Next, import a few graph objects needed to make our Plotly plot:
from plotly.graph_objs import Figure, Data, Layout
from plotly.graph_objs import Bar
from plotly.graph_objs import XAxis, YAxis, Marker, Font, Margin
Make an instance of the bar and data object:
my_bar = Bar(x=my_keys_sorted, # labels of the x-axis
y=my_vals_sorted, # values of the y-axis
marker= Marker(color='#2ca02c')) # a nice green color
my_data = Data([my_bar]) # make data object, (Data accepts only list)
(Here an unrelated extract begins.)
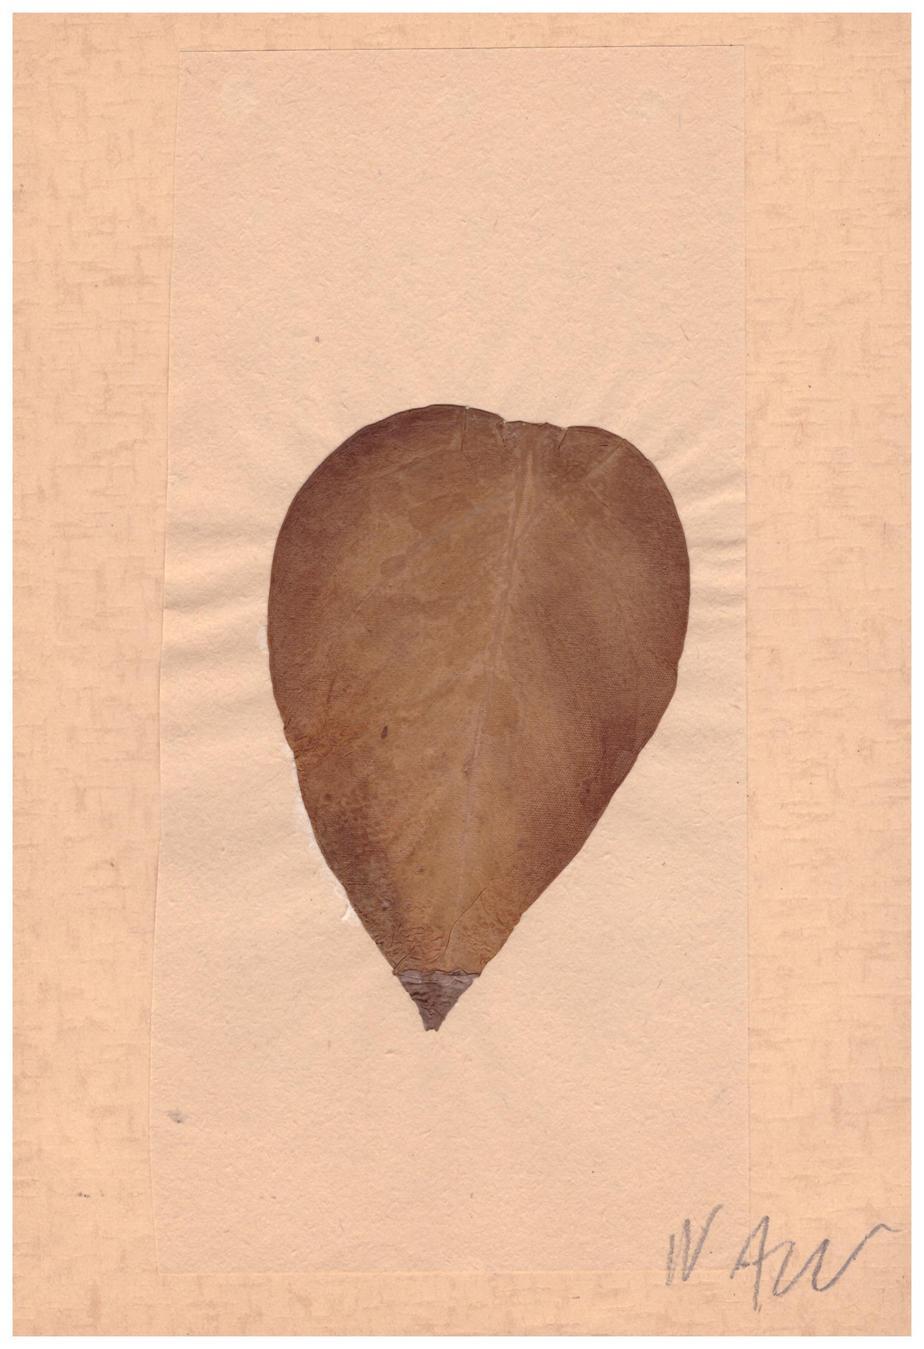 Nikos Alexiou Dried leaf, collage on paper 20.9 x 14.7 cm

Make an instance of the layout object:
my_title = 'Number of songs listed in the Guardian\'s<br>\
<em>Top 1,000 Songs to Hear Before You Die</em> per artist with 4 or more songs'
my_ytitle = 'Number of songs per artist'
my_layout = Layout(title=my_title, # set plot title
showlegend=False, # remove legend
font= Font(family='Georgia, serif', # set global font family
color='#635F5D'), # and color
plot_bgcolor='#EFECEA', # set plot color to grey
xaxis= XAxis(title='', # no x-axis title
tickangle=45, # tick labels' angle
ticks='outside', # draw ticks outside axes
ticklen=8, # tick length
tickwidth=1.5,), # and width,
yaxis= YAxis(title=my_ytitle, # y-axis title
gridcolor='#FFFFFF', # white grid lines
ticks='outside',
ticklen=8,
tickwidth=1.5),
autosize=False, # manual figure size
width=700,
height=500,
margin= Margin(b=140) # increase bottom margin,
) # to fit long x-axis tick labels
Make instance of the figure object, send it to Plotly and get a plot in return inside this IPython notebook:
my_fig = Figure(data=my_data, layout=my_layout)
py.iplot(my_fig, filename='socrata1')
Not bad, but let's try to improve our plot by making use of Plotly's hover capabilities.
Next, we add hover text to each of bars so that hovering with cursor over them will show a list of the songs' titles and years of release included in the 1,000 songs list in chronological order.
First, we need to trim the original dataframe so that it contains only the artists with 4 or more songs in the 1,000 songs list:
# Rows which have 'artist' name in song_by_artist_4plus
i_good = (df['artist'].isin(song_by_artist_4plus))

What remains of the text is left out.